This recipe builds upon skills learned in the Roasting Butternut Squash post. If you want to learn more about how to peel, seed, chop and roast butternut squash, check it out!Print
Quinoa Black Bean Butternut Squash Salad with Lime Vinaigrette
- Yield: 10 cups 1x
- 2 Tbsp freshly squeezed lime juice (1–2 limes)
- 1 clove garlic
- ½ fresh jalapeno pepper, stem removed, cut lengthwise
- 5 Tbsp extra virgin olive oil
- 1 tsp agave syrup
- Pinch of salt
- Freshly ground black pepper
- 1 small butternut squash (or ½ large)
- 1 Tbsp olive oil
- 4 cups cooked and cooled quinoa
- 1–1/2 cups cooked and cooled black beans (or use 1 can of black beans, drained and rinsed)
- ½ cup chopped cilantro
- 1 red bell pepper, small dice
- 3 scallions (green onions), finely sliced or chopped
- ¼ cup toasted pepitas (pumpkin seeds)
- 1–1/2 tsp ground cumin
- 1 tsp ground coriander
- Salt and Pepper, to taste
- Preheat oven to 425 degrees Fahrenheit if you have a convection oven or 450 if you don’t have a convection function on your oven.

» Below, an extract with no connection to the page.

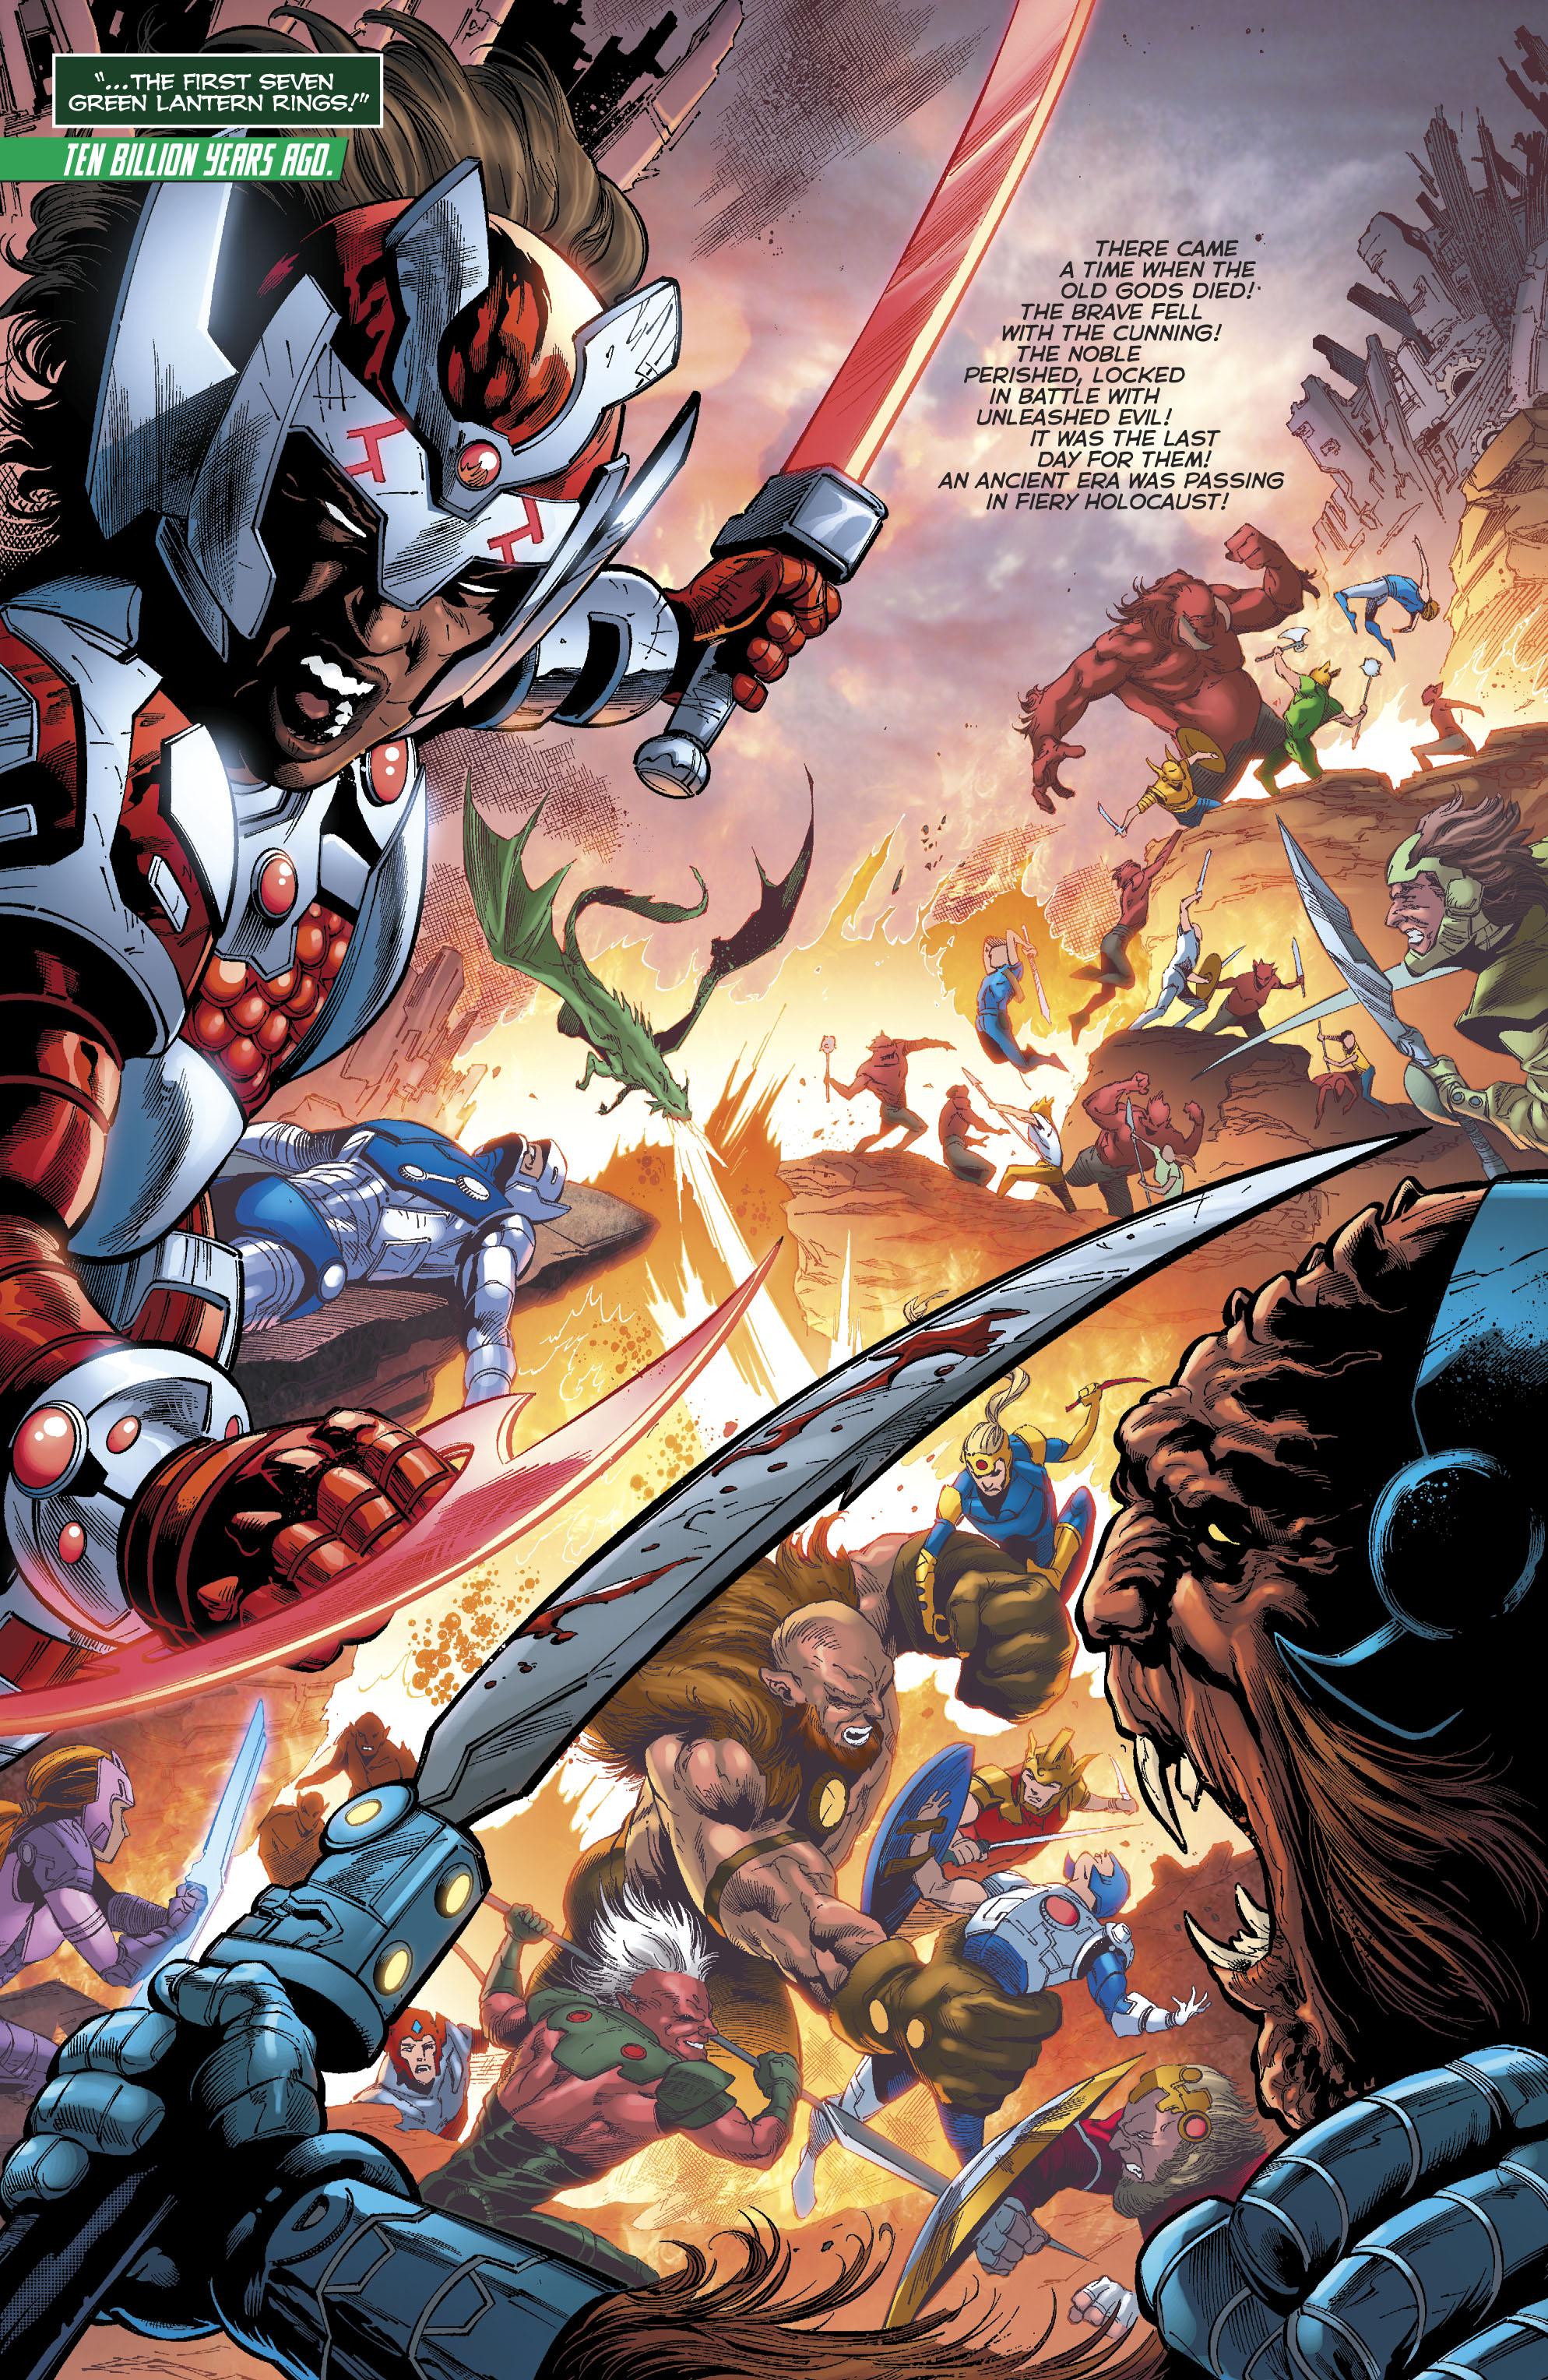 Read online Green Lanterns comic -  Issue #23 - 11

- Vinaigrette: Blend all vinaigrette ingredients together in a blender; set aside. Alternatively, mince garlic and jalapeño and add all vinaigrette ingredients to a jar; shake to combine and then set aside.
- Roasting the squash: Peel butternut squash. Cut in half and used a spoon to scrape out and discard the seeds. Cut the squash into 1-inch cubes and add to a medium-sized mixing bowl. Drizzle with olive oil and sprinkle with a pinch of salt and pepper; toss to coat all pieces with oil. On a sheet pan (preferably lined with parchment paper, but plain will do), spread the cubes out in a single layer and place pan into the oven. Roast for 15 minutes. Remove from oven and stir; return to oven and cook until soft and speckled with brown (about 15 more minutes). Test with a fork which should be able to be inserted into the center of the cubes with little to no resistance. Remove from oven and set on a rack to cool slightly.
- Putting together the salad: In a large bowl, mix together quinoa, beans, squash, cilantro, vegetables, pepitas, cumin, coriander and vinaigrette. Season to taste with salt and pepper.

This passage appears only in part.